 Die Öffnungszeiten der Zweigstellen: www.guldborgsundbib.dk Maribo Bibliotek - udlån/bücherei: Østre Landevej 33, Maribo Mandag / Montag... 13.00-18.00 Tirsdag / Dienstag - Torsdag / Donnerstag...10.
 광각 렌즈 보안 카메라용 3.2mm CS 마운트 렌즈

== == ==

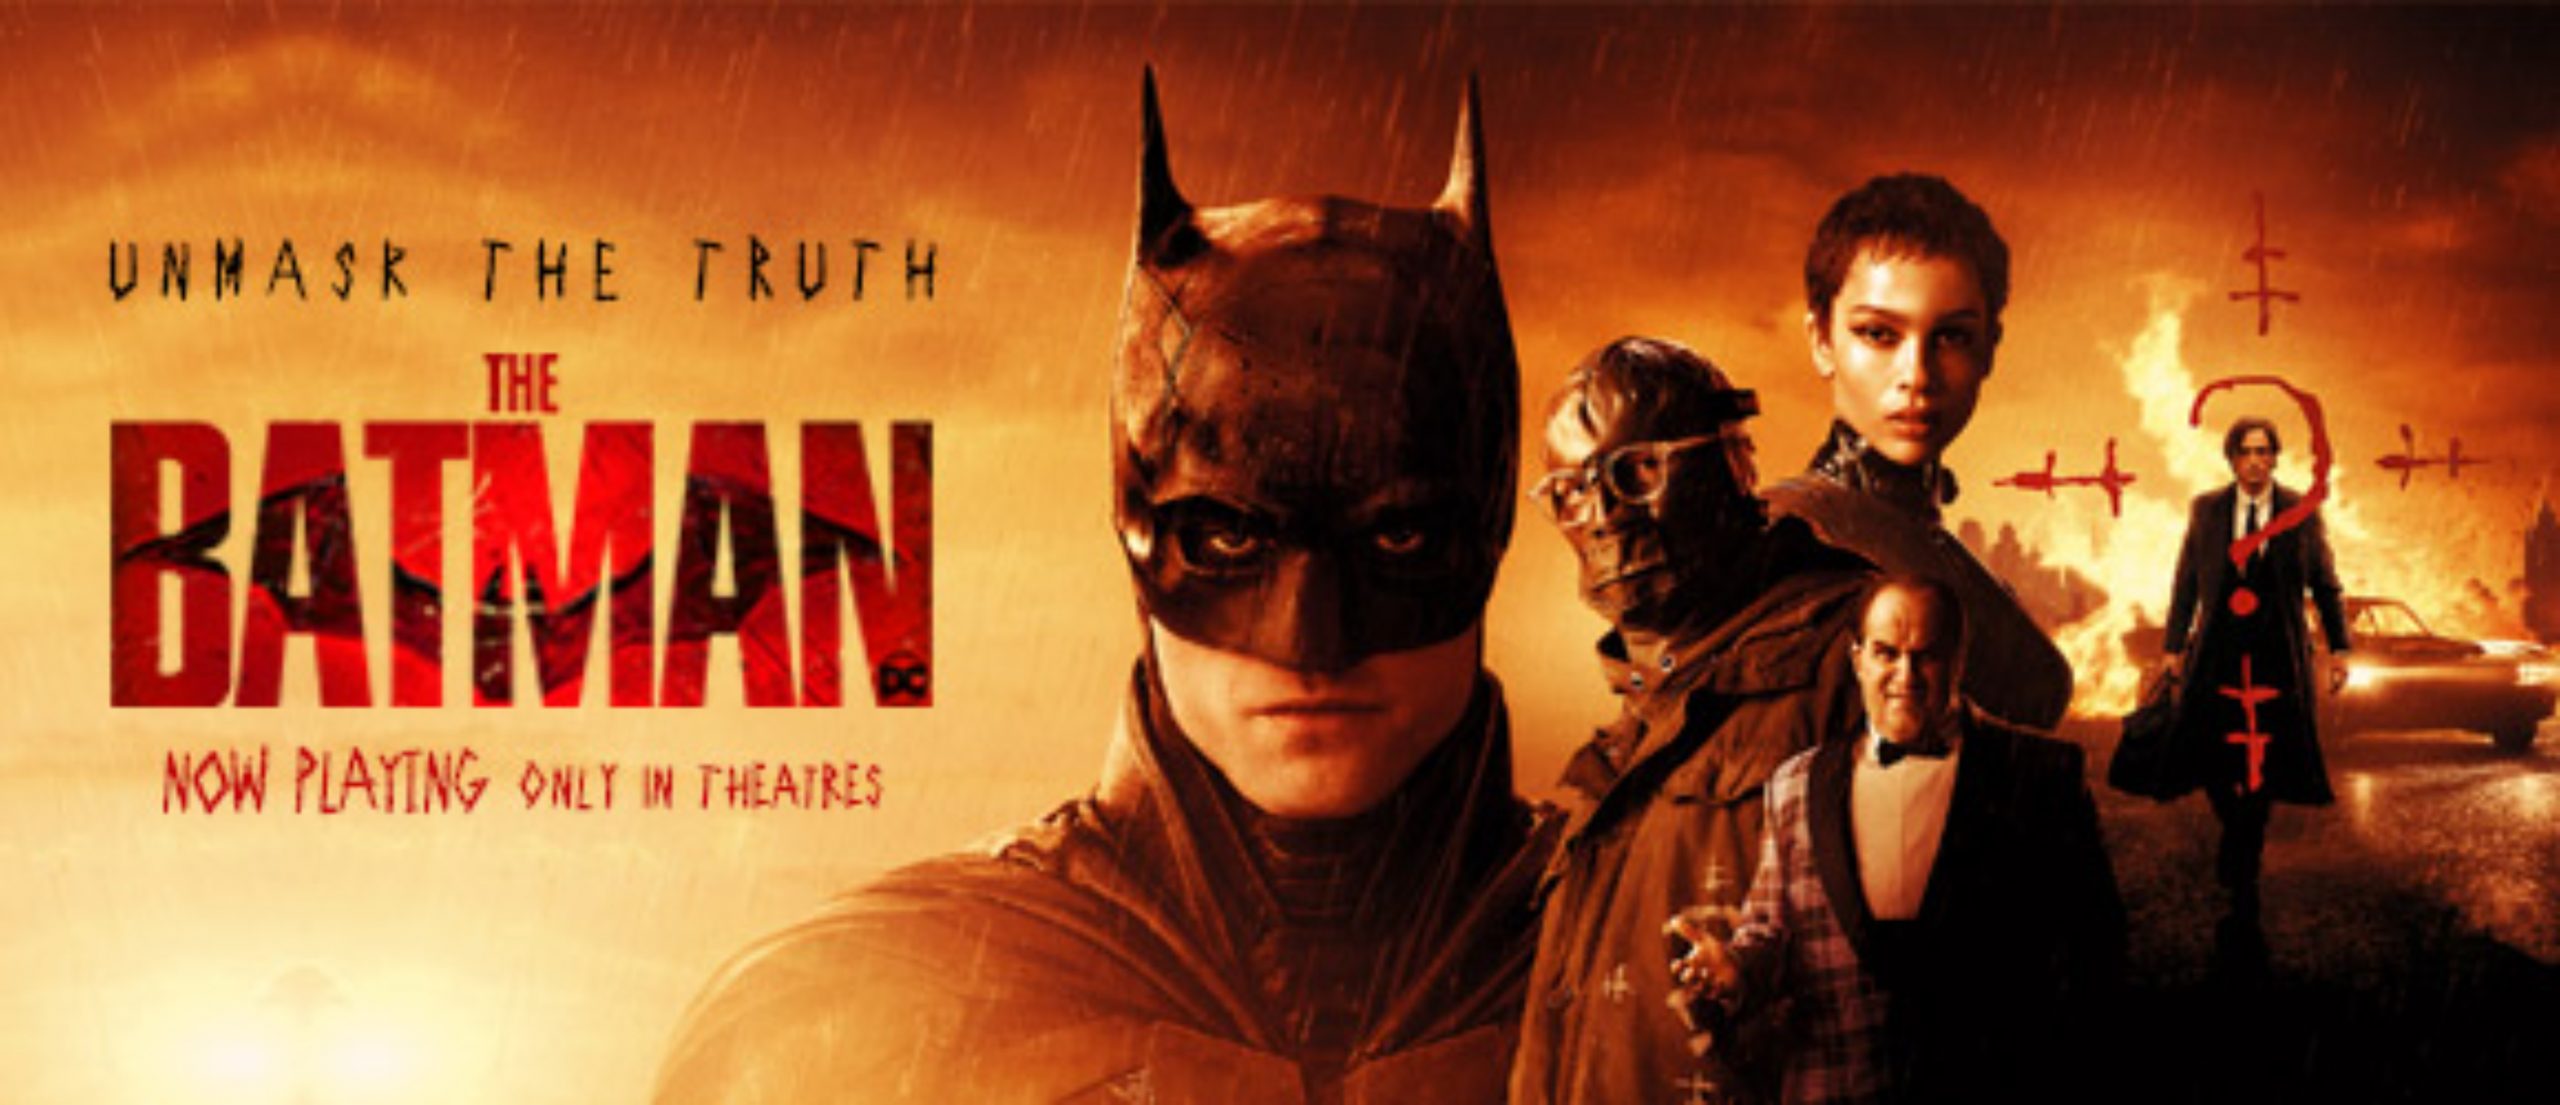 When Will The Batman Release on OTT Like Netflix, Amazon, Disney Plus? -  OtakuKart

== == ==

# [EXERCISE]
Return exactly the lines above from the line that has "Die Öffnungszeiten der" through the line that has "광각 렌즈 보안 카메라용 3.2mm CS 마운트 렌즈", inclusive, and nothing else.

# [TASK SOLUTION]
 Die Öffnungszeiten der Zweigstellen: www.guldborgsundbib.dk Maribo Bibliotek - udlån/bücherei: Østre Landevej 33, Maribo Mandag / Montag... 13.00-18.00 Tirsdag / Dienstag - Torsdag / Donnerstag...10.
 광각 렌즈 보안 카메라용 3.2mm CS 마운트 렌즈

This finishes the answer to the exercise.